Task brief:
Images are not part of the copy; transcribe all the data exactly.

Stored data:
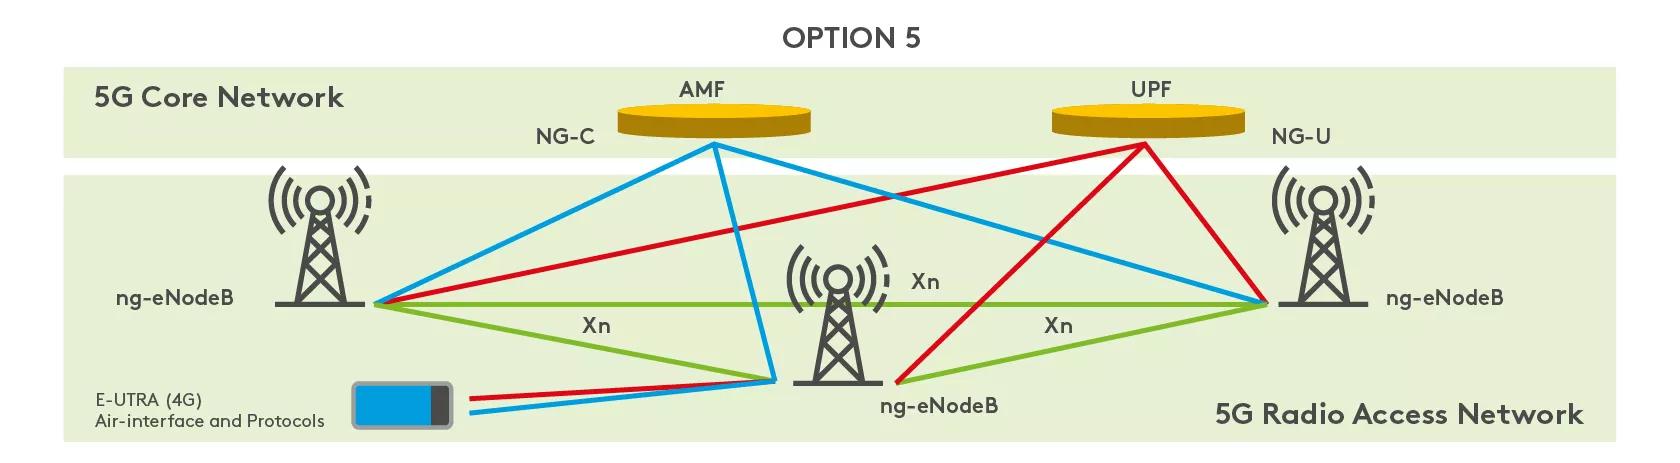 5G core network and 5G radio access network
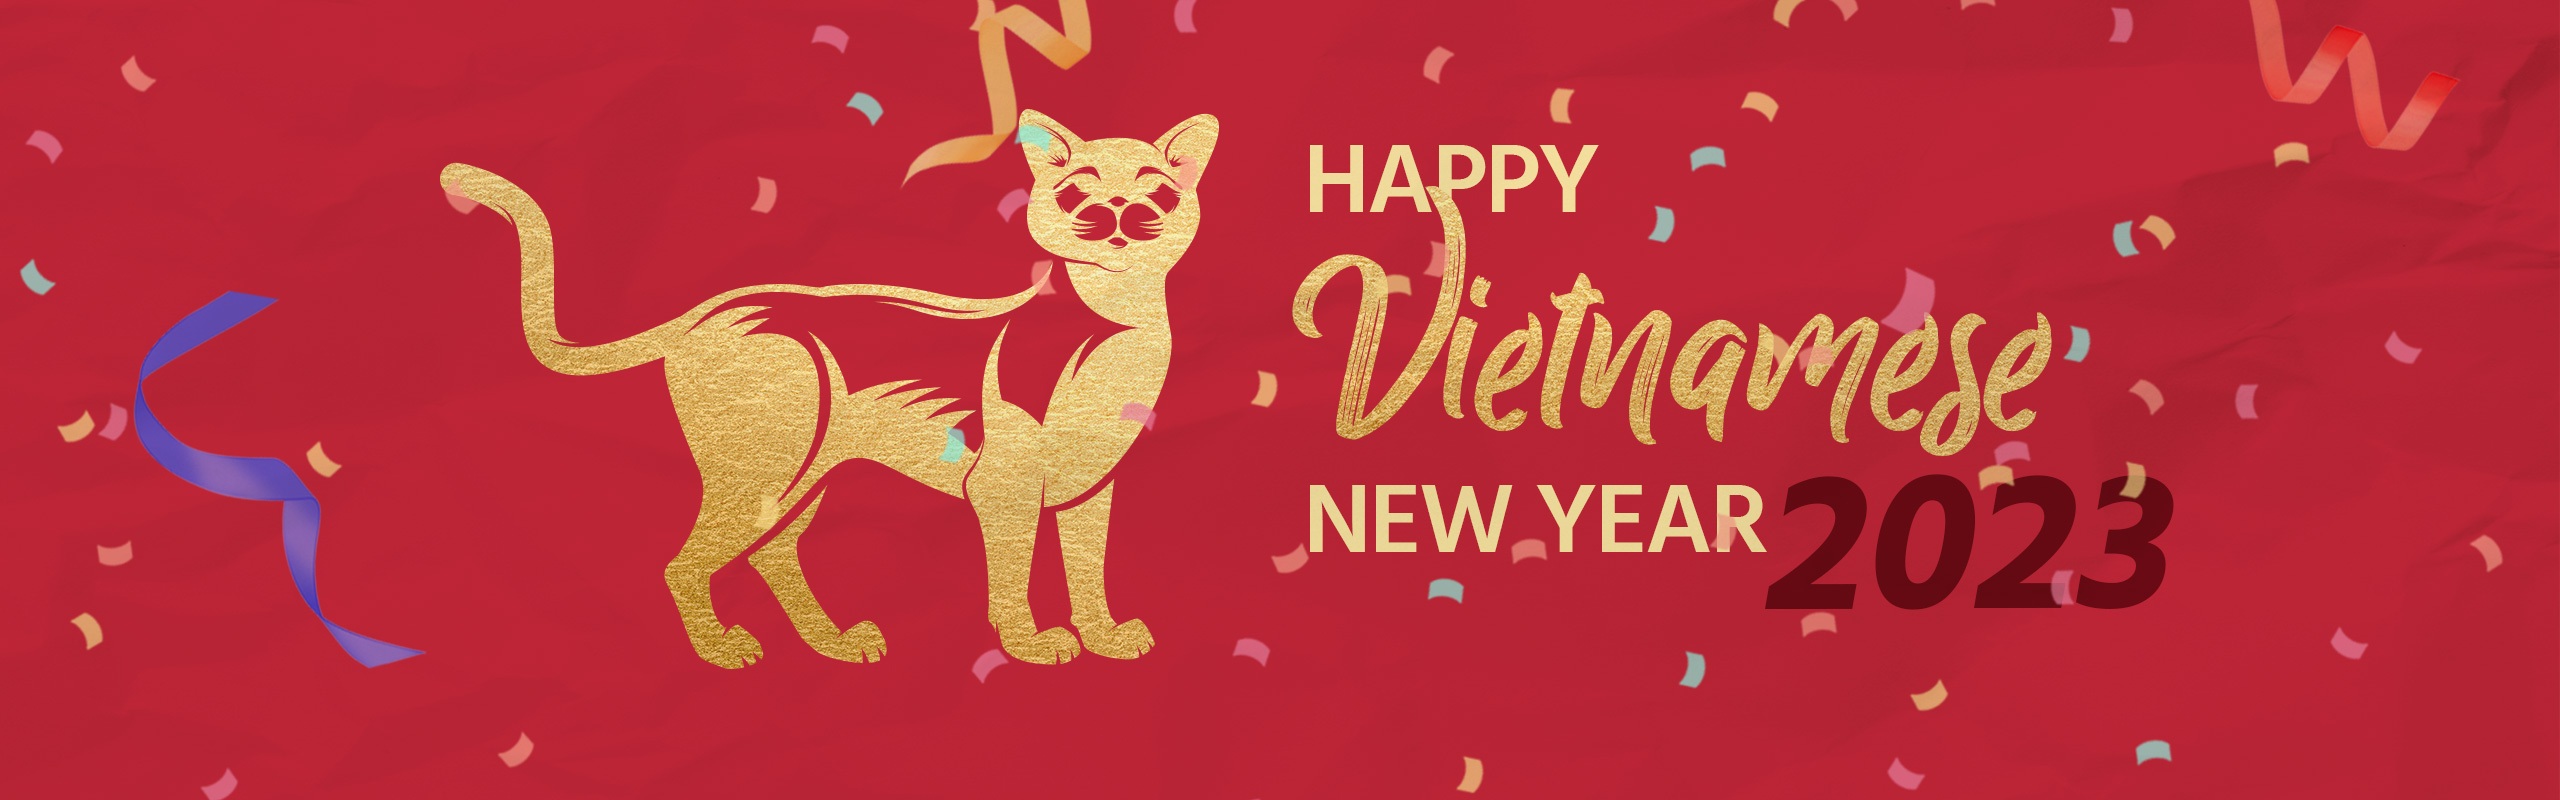 Vietnamese New Year Greetings 2023, Wishes and Images
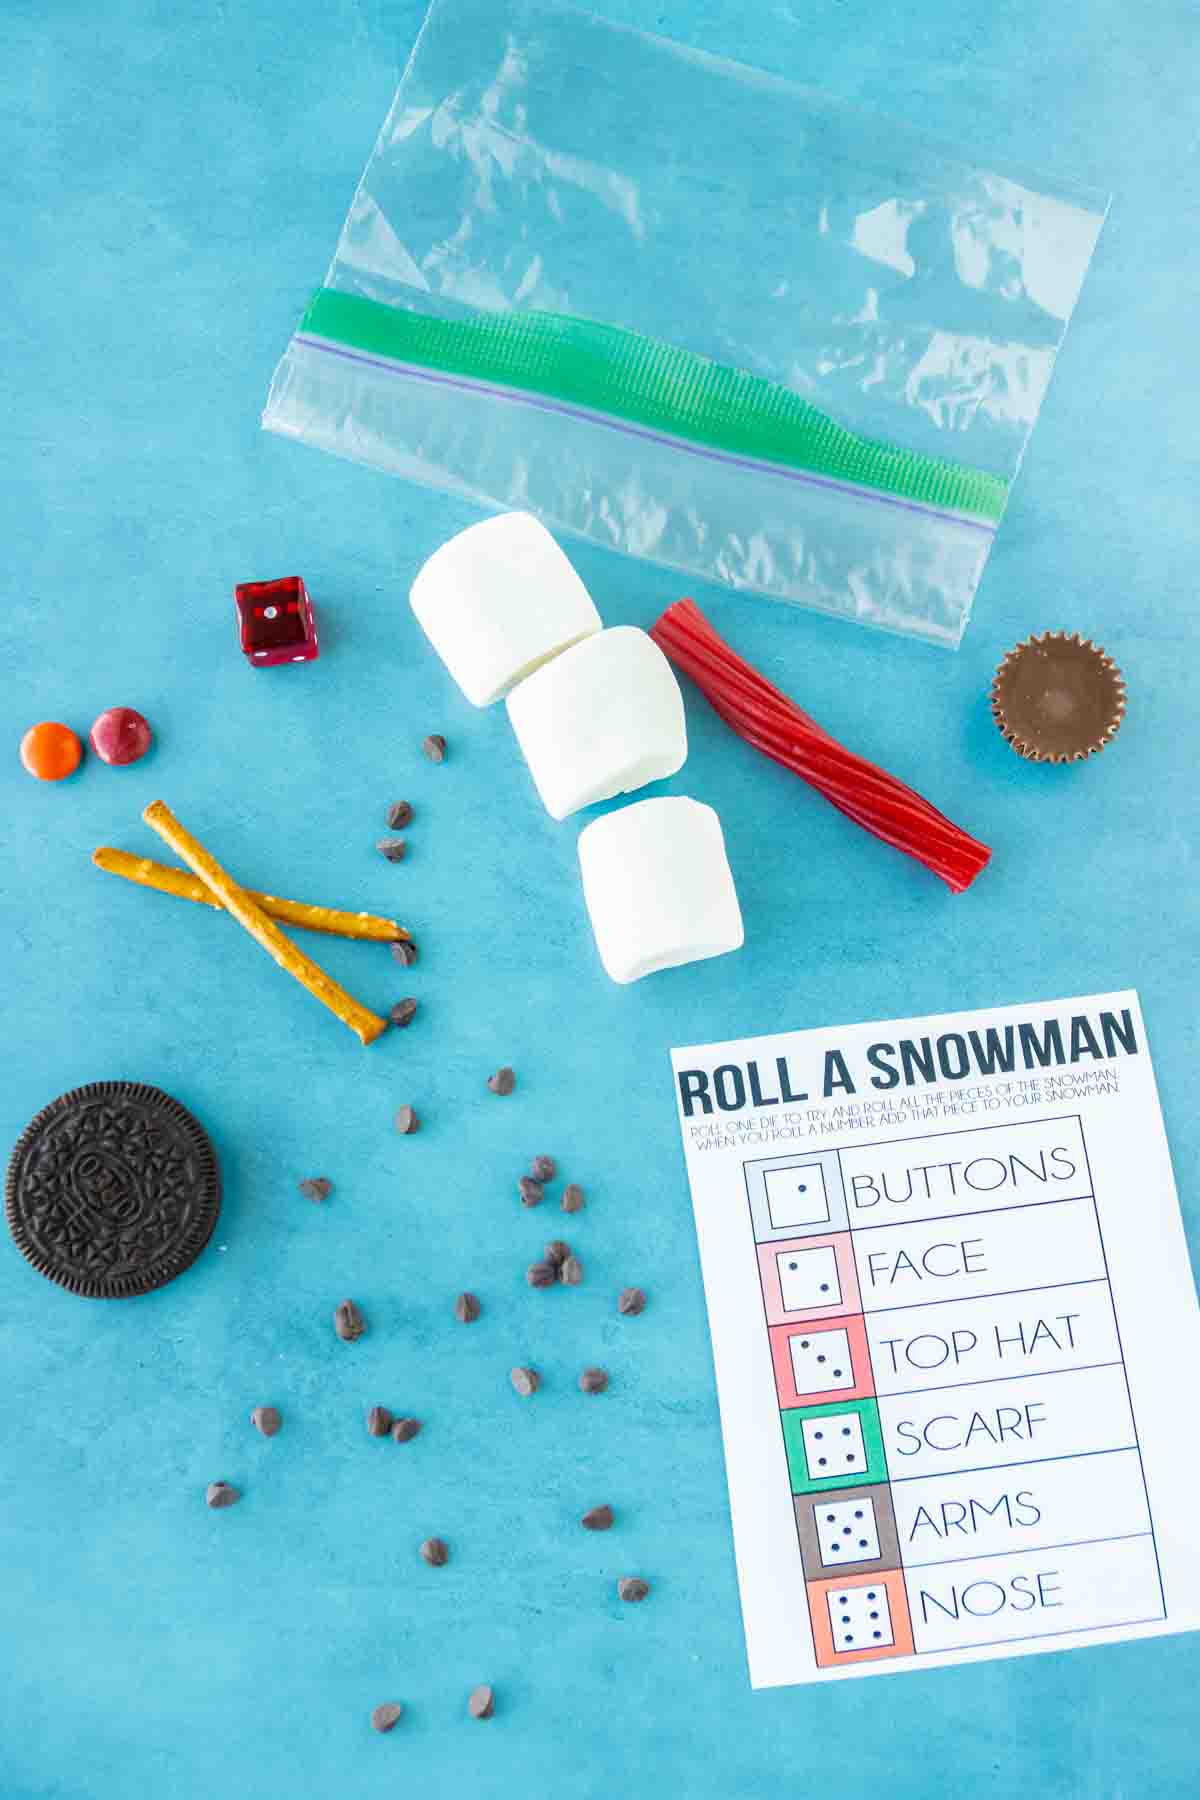 supplies needed to play roll a snowman

Answer area:
 5G core network and 5G radio access network
 Vietnamese New Year Greetings 2023, Wishes and Images
 supplies needed to play roll a snowman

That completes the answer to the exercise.